Source data -
——

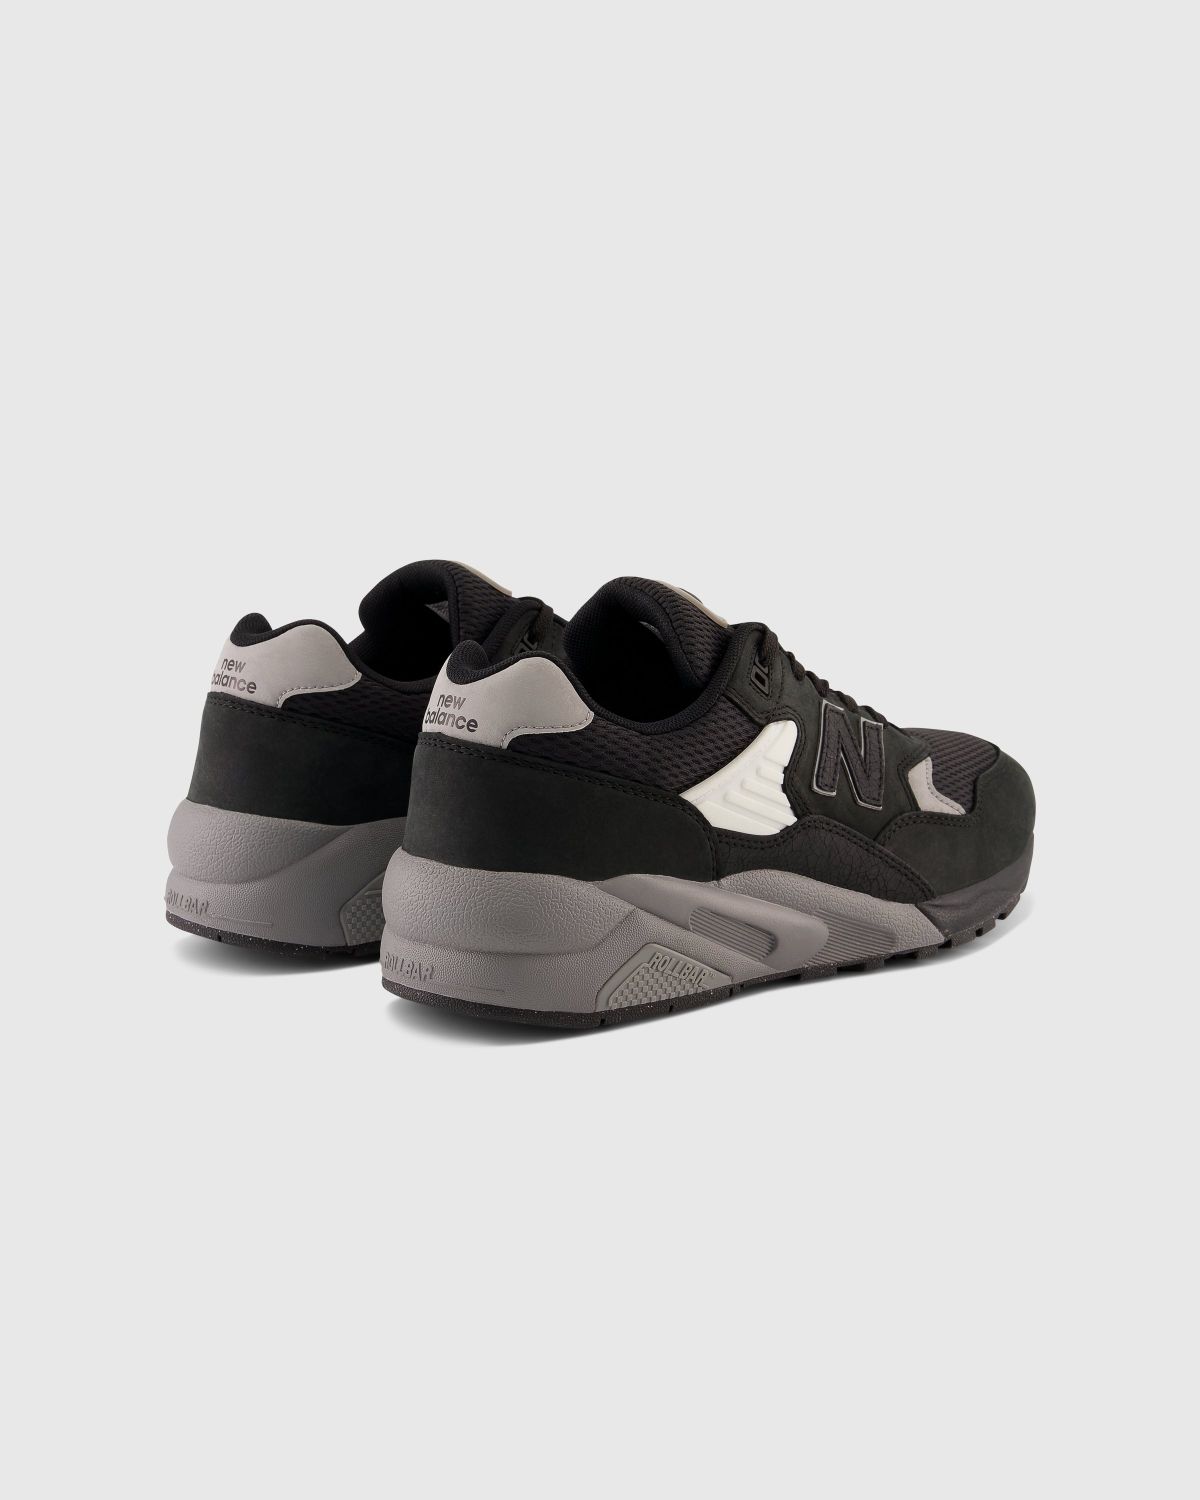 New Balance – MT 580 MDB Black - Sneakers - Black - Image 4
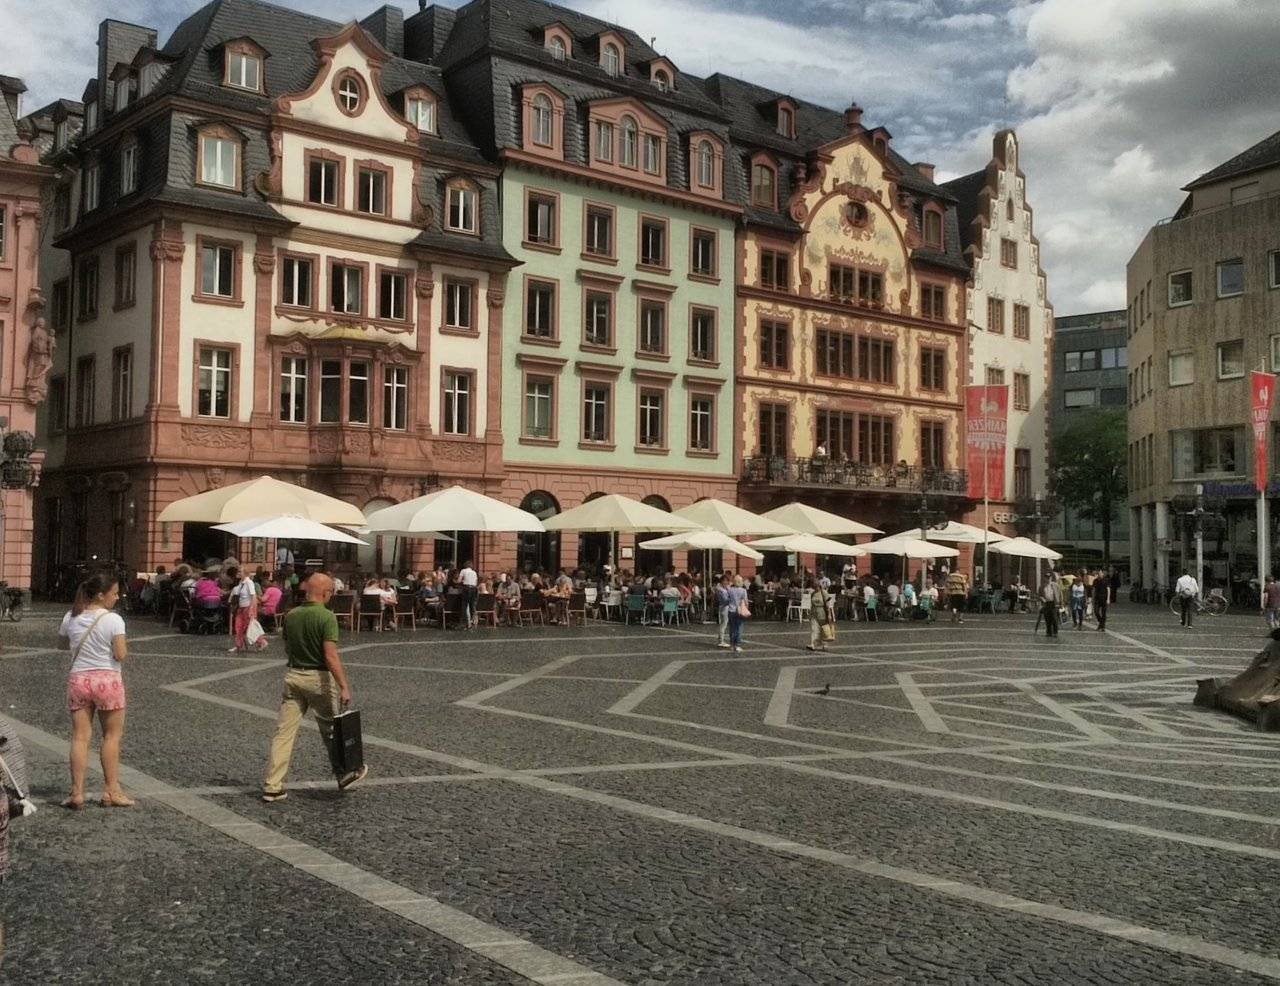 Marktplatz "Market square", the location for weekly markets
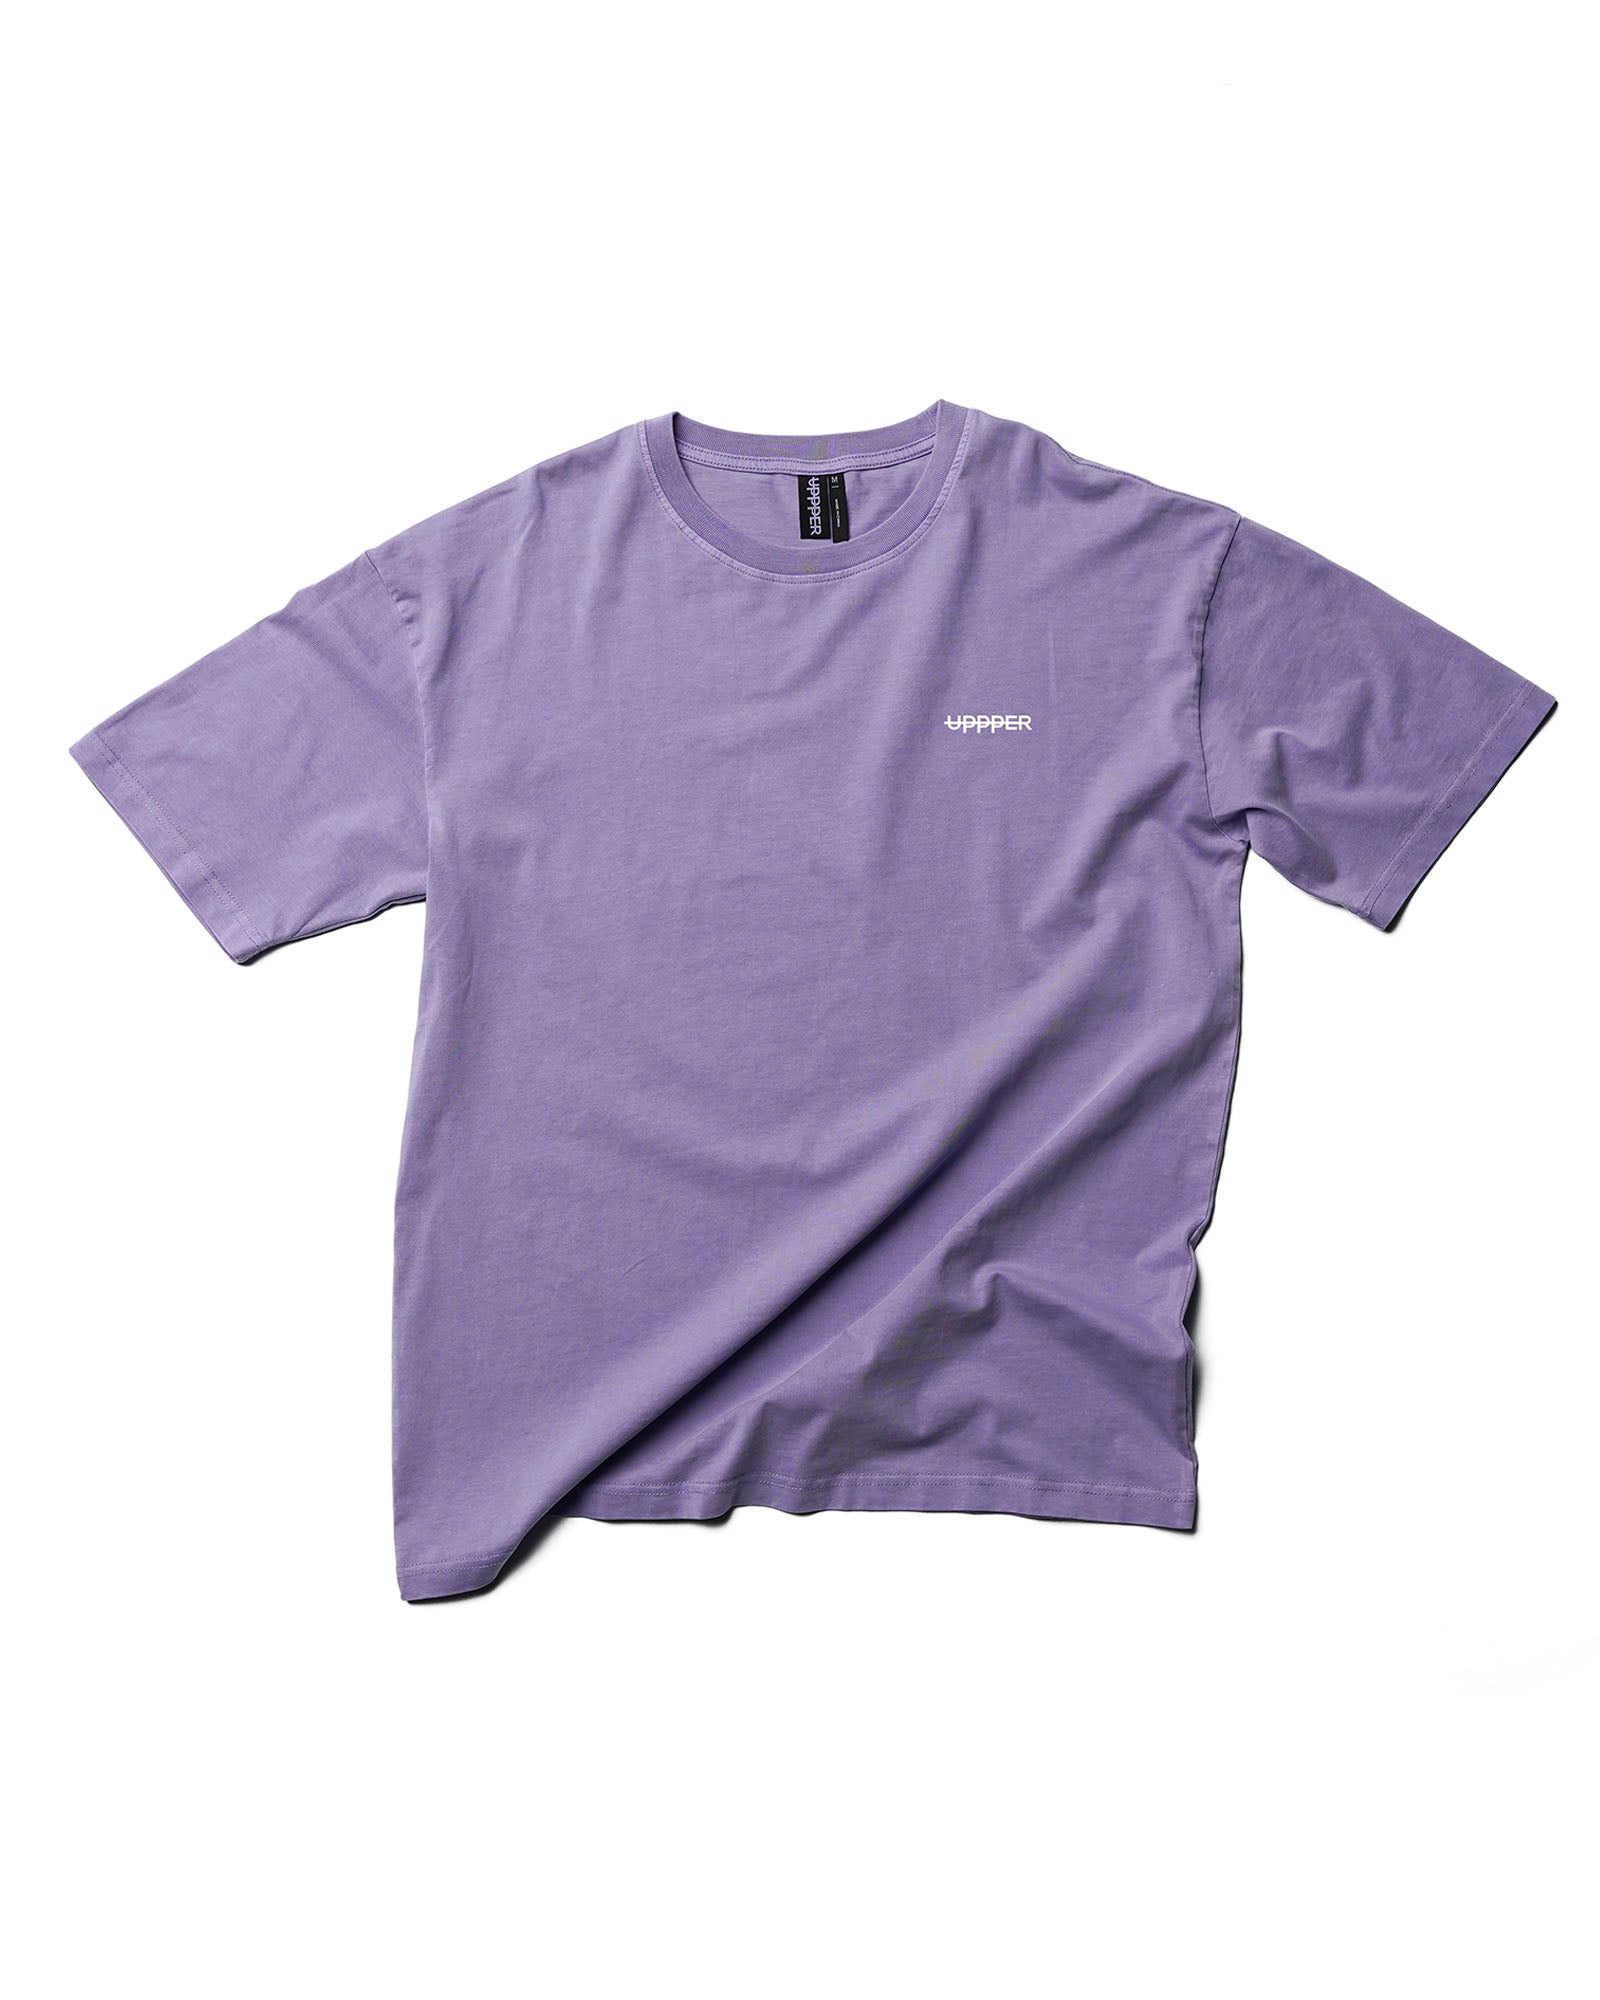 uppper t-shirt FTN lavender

——

Exercise goal -
The answer must be the full listing, restated word for word, with no pictures in it.

Solution to this exercise -
 New Balance – MT 580 MDB Black - Sneakers - Black - Image 4
 Marktplatz "Market square", the location for weekly markets
 uppper t-shirt FTN lavender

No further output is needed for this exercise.